Project 2 Tutorial

This tutorial overviews how to use the data provided using the HCI display on Prospect St (out of the CEID) in New Haven.

The data, captured by a depth camera, includes information about the pose of pedestrians. By the end of this tutorial, you will:

  • be able to connect to the HCI display
  • access and view the raw pose data
  • interpret and use the raw data through simple web application
  • create a simple visualization of the data

Display Functionality

  • Dante: group detection
  • AlphaPose: pose estimation
  • Input: depth camera image, video, image list
  • Output: basic RGB image with keypoint display/saving (e.g., PNG, JPG, AVI), keypoint saving (JSON)

Tutorial Contents

  1. Current Server IPs
  2. Tools Before Starting
  3. Creating a Simple Website
  4. Websocket Connections
  5. Understanding the Data
  6. Seeing the Camera View
  7. Creating a Visualization
  8. Recording Data
  9. Demos

Current Server IPs

In this guide, the placeholders [Env_IP] must be set to either one of the [Production_IP] or the [Development_IP] IP addresses specified in this section, depending on which data you want to see. These may change from time to time, so we suggest setting these to a variable value in your code so they can be easily updated. If you’re having trouble connecting, please check here for an updated IP address first.

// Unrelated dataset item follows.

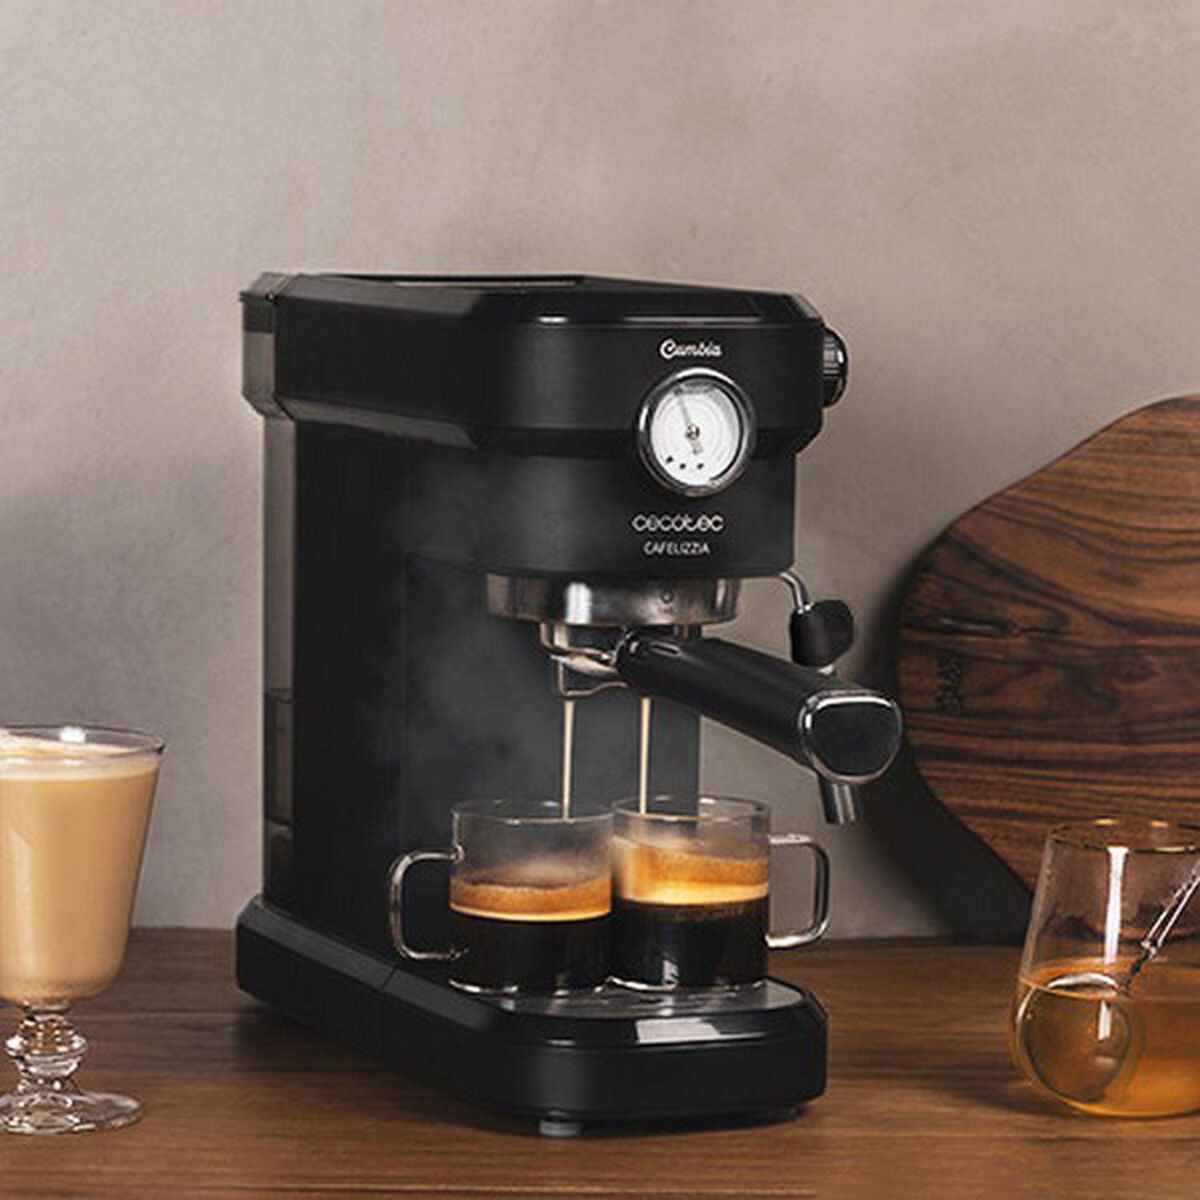 Express Manual Coffee Machine Cecotec Cafelizzia 790 Black Pro 1,2 L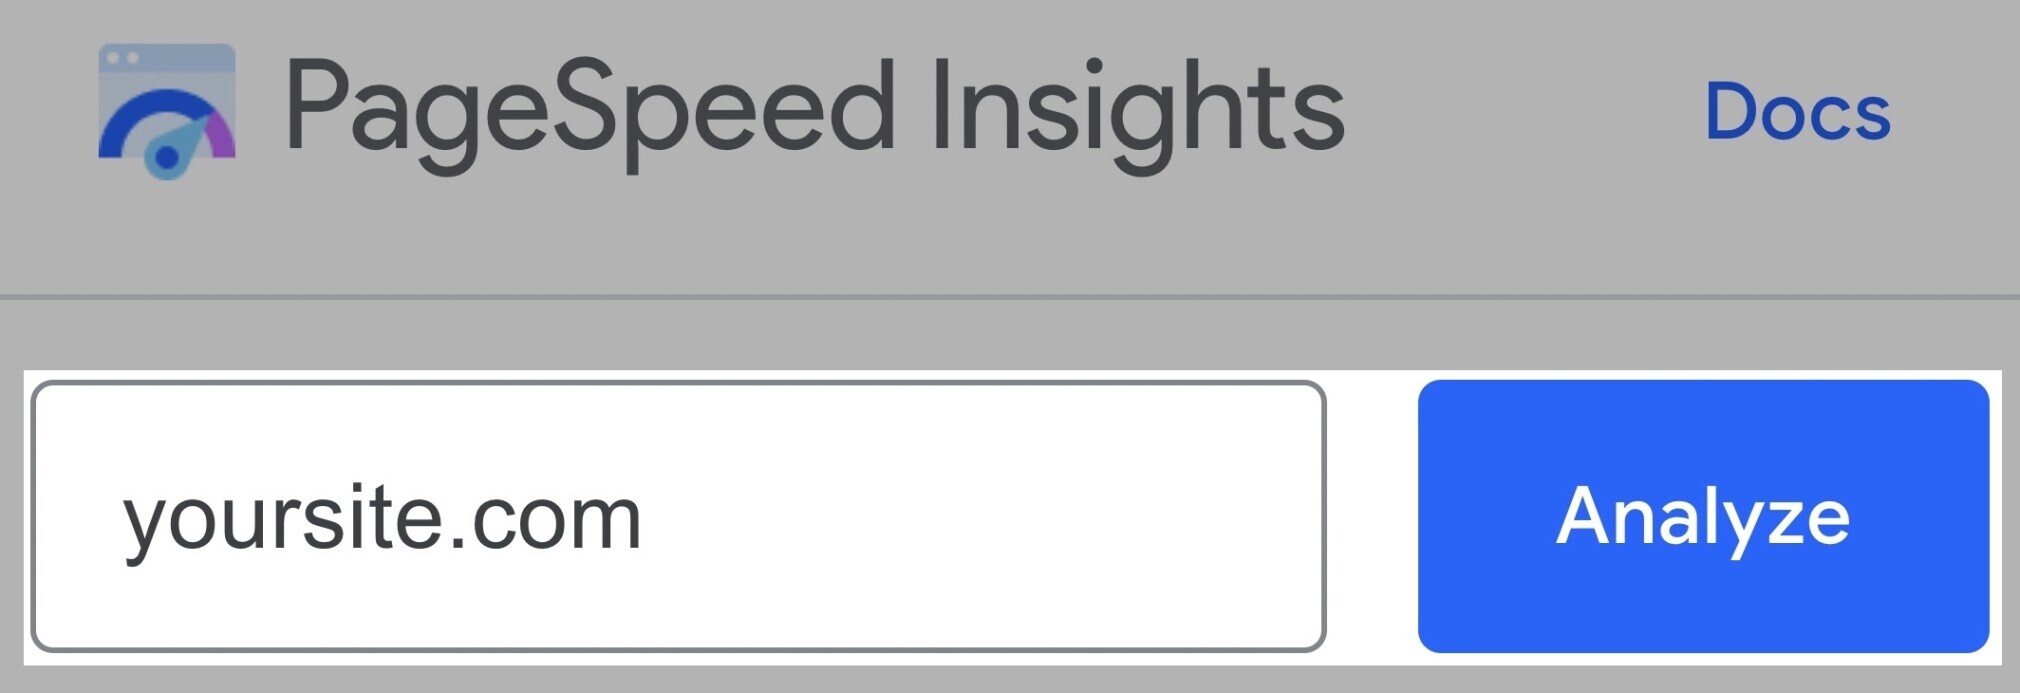 page speed insights tool analyze

  • [Production_IP] = 172.28.142.145

    • The production machine serves live data from the display in the CEID. Use this IP to test your code with live data.

    • View the live data currently being shown on the display in your browser here: http://172.28.142.145:8888/

    • Change the project currently being shown on the display with the “remote control” here: http://172.28.142.145:8888/remote. You’ll need to be at the display to get the 4 digit code. The code changes every time the displayed project changes.

    • Preview what your project will look like by replacing 1 in group1 in this url with your group id: http://172.28.142.145:8888?project=group1. This will only work once your app has been deployed to the laptop. You can check if your app has been deployed by visiting http://172.28.142.145:8888/remote and seeing if your group is on the list.

  • [Development_IP] = 172.29.41.16

    • The development machine serves pre-recorded data on a loop. Use this IP to test your code on pre-recorded data with lots of people in view.

    • View the demo data being played back in your browser here: http://172.29.41.16:8888/

Tools Before Starting

This tutorial aims to be independent of whichever operating system and web browser you prefer or are using. However, there may be some nuanced differences in how objects are displayed and connections made.

  • An Integrated Development Environment (IDE) for source code editing and syntax highlighting. Some recommendations include Visual Studio Code, Sublime Text, or Notepad++.

  • Connection to the Yale Virtual Private Network (VPN). Many of Yale’s digital resources, including the data from the HCI display, are only accessible by connecting to the VPN. Follow these set up instructions if you don’t already have the VPN installed or want to know more about how to use the VPN.

Creating a Simple Website

Using HTML (a standard markup language for creating websites) and CSS (a language that describes the style of an HTML document), we can create a simple website. In a file called index.html:

<!DOCTYPE html>
<html>
  <head>
    <title>HCI Tutorial</title>
  </head>
  <body>
      <!-- page content goes here -->
  </body>
</html>

Using JavaScript (a language to program the behavior of web pages), we’ll import jQuery (a JavaScript library that can simplify event handling for our project). Download the compressed jQuery file from code.jquery.com and save it in your local directory containing your previously created HTML file.

...
    <body>
        <!-- page content goes here -->
        <script src = "https://ajax.googleapis.com/ajax/libs/jquery/3.2.1/jquery.min.js"></script>
        <script src="main.js" type="text/javascript"></script>
    </body>
...

You’ll also notice our import of main.js in the code snippet above. Create an empty JavaScript file in your local directory called main.js. The code that goes in here will allow us to access the raw data from HCI display and communicate it to our HTML page.

Websocket Connections

The WebSocket protocol allows us to continuously exchange data between the browser and server through a persistent connection (that is, without breaking the connection and without additional HTTP-requests).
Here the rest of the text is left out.